[[ Data open ]]

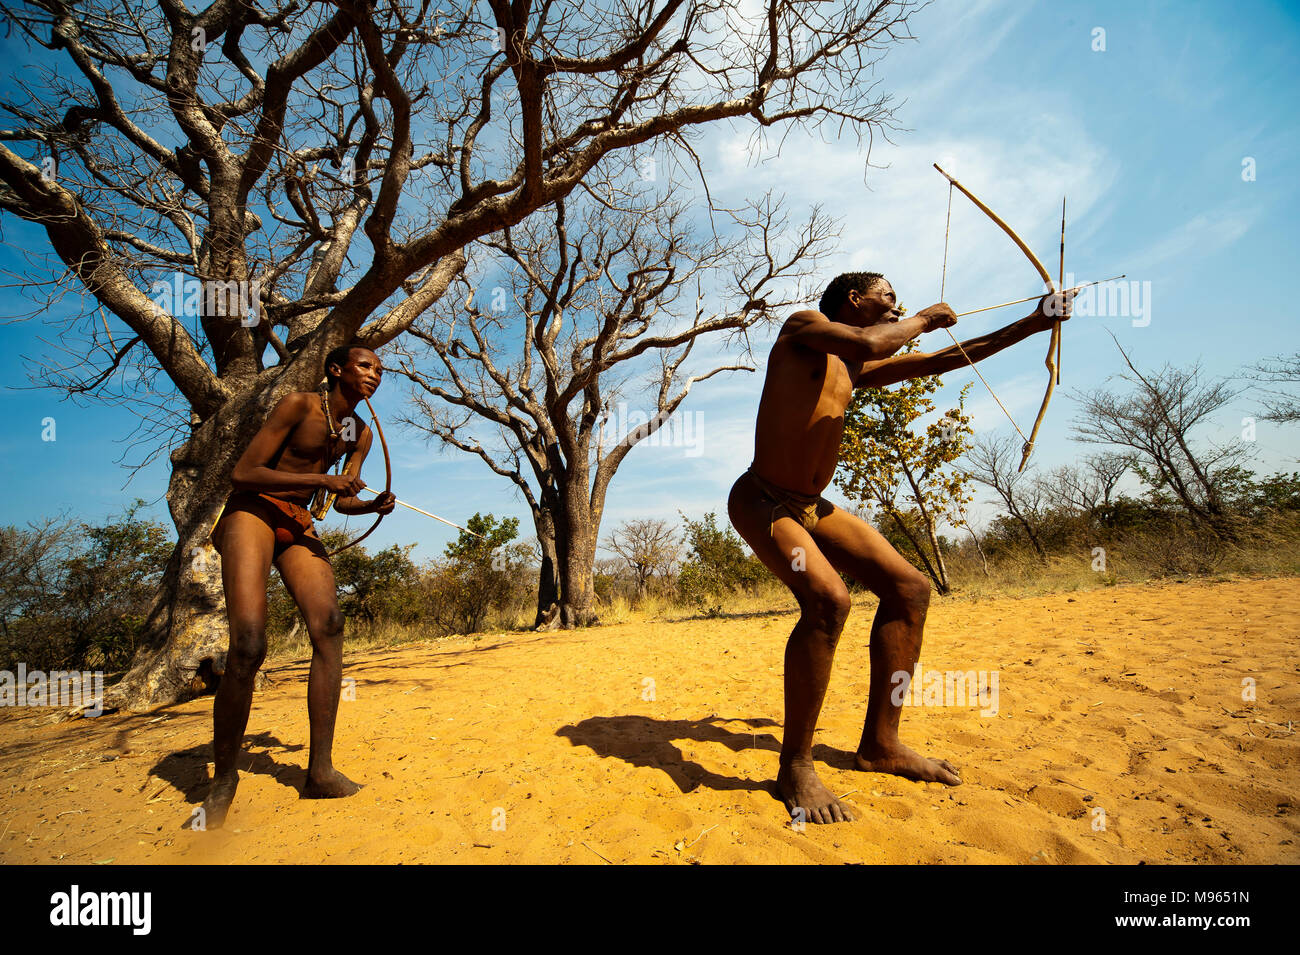 Ju/'Hoansi or San bushmen hunter simulates a hunt with bow and arrow at their village, Grashoek, Namibia Stock Photo
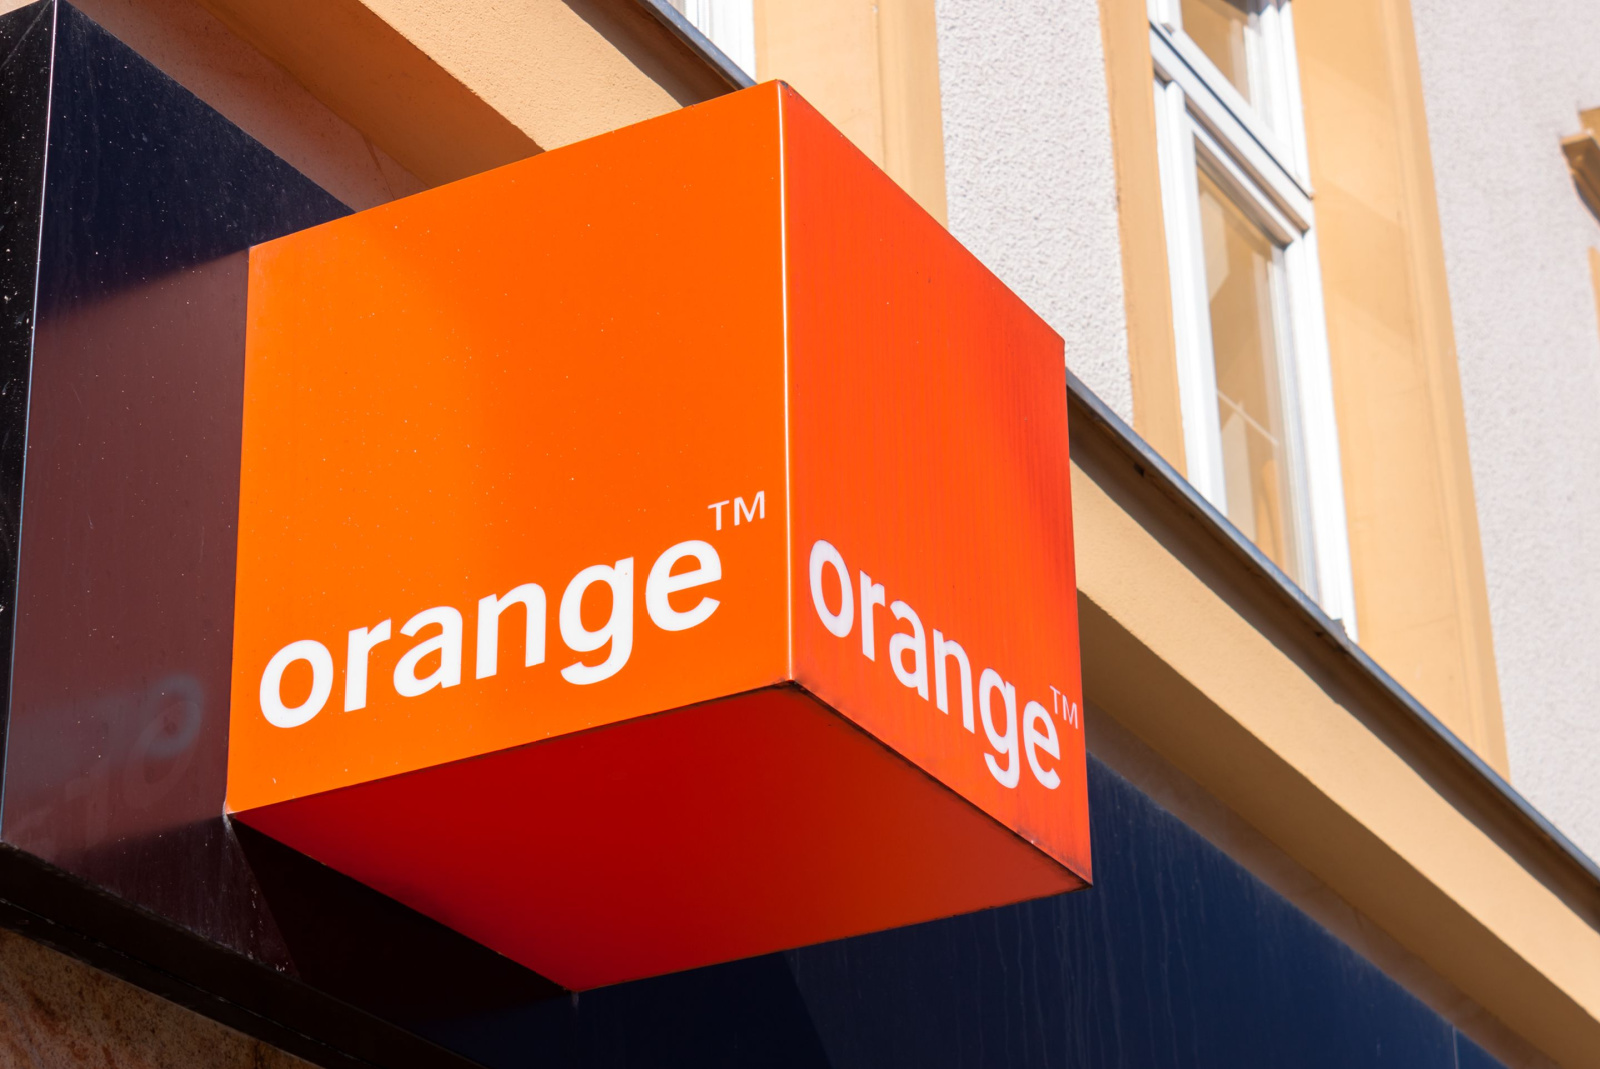 Mobiles Doro - Choisissez un forfait - Orange
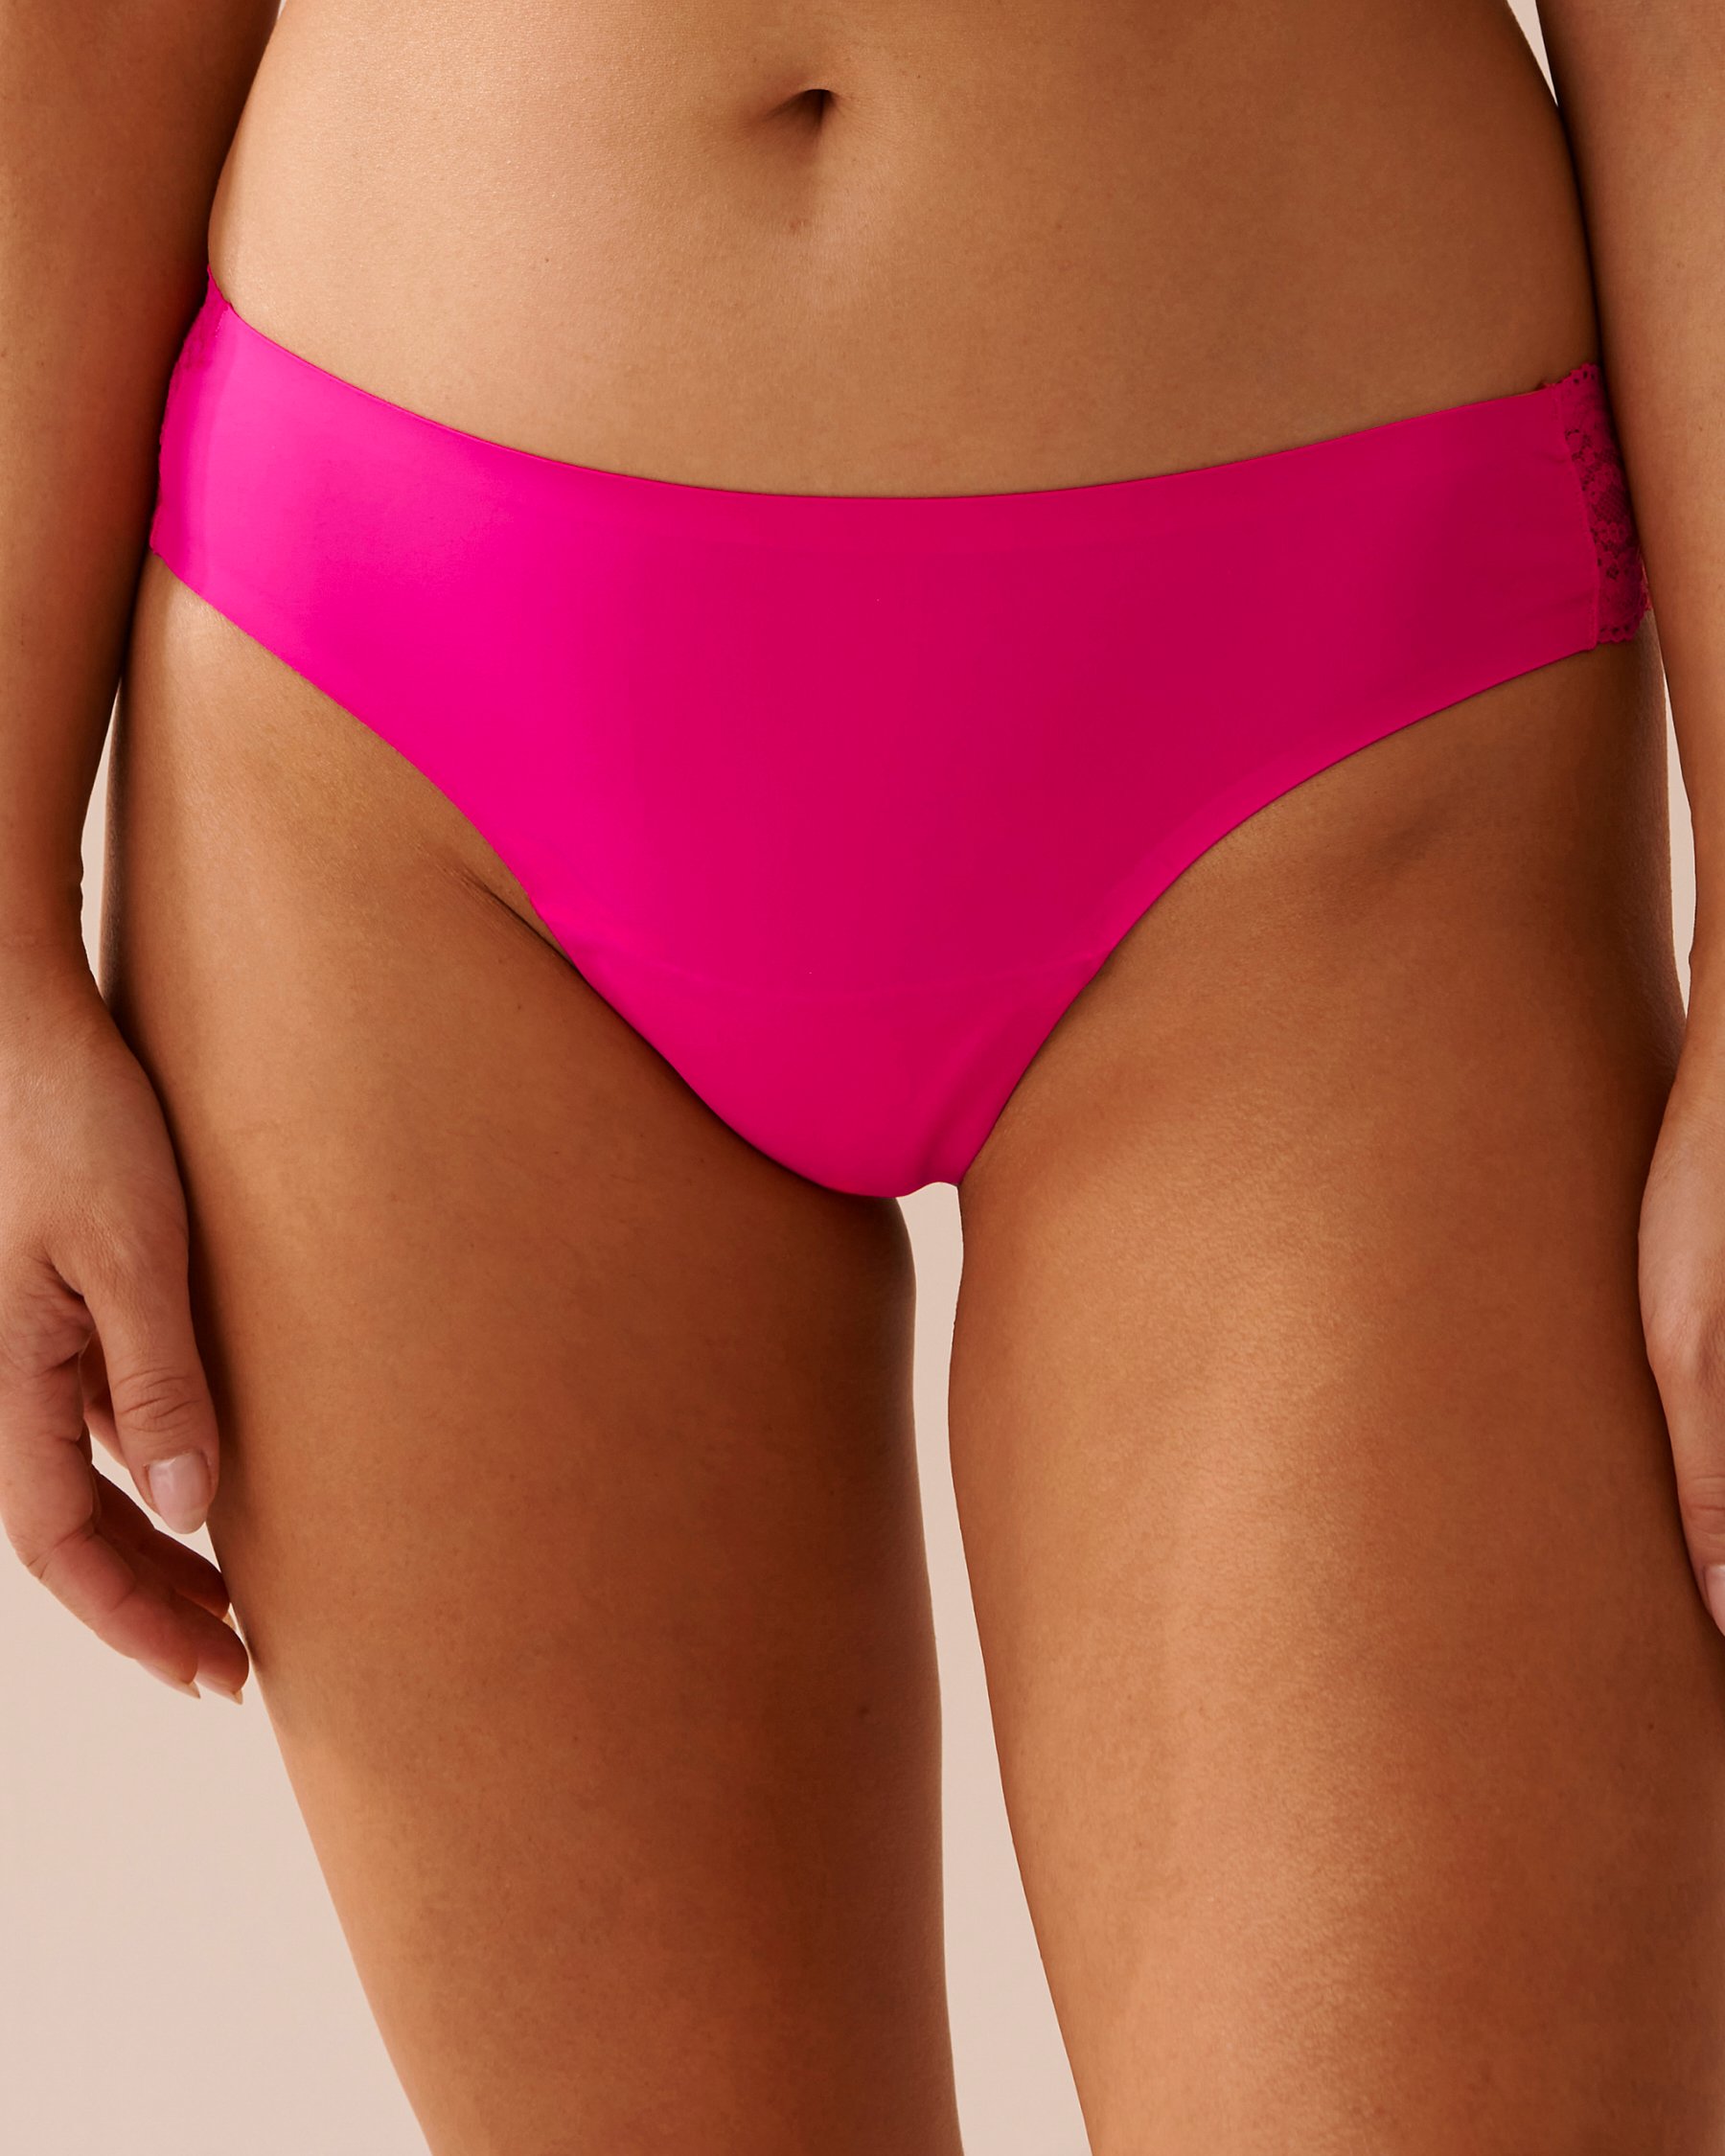 NWT Vassarette Body Curves Thong Panty Size 6 Med Rare - Memoirrose Pink

[[ Data closed ]]

**Aim of the exercise:**
Take the listing above and retype it exactly. Its pictures are to be omitted.

**Answer:**
 Ju/'Hoansi or San bushmen hunter simulates a hunt with bow and arrow at their village, Grashoek, Namibia Stock Photo
 Mobiles Doro - Choisissez un forfait - Orange
 NWT Vassarette Body Curves Thong Panty Size 6 Med Rare - Memoirrose Pink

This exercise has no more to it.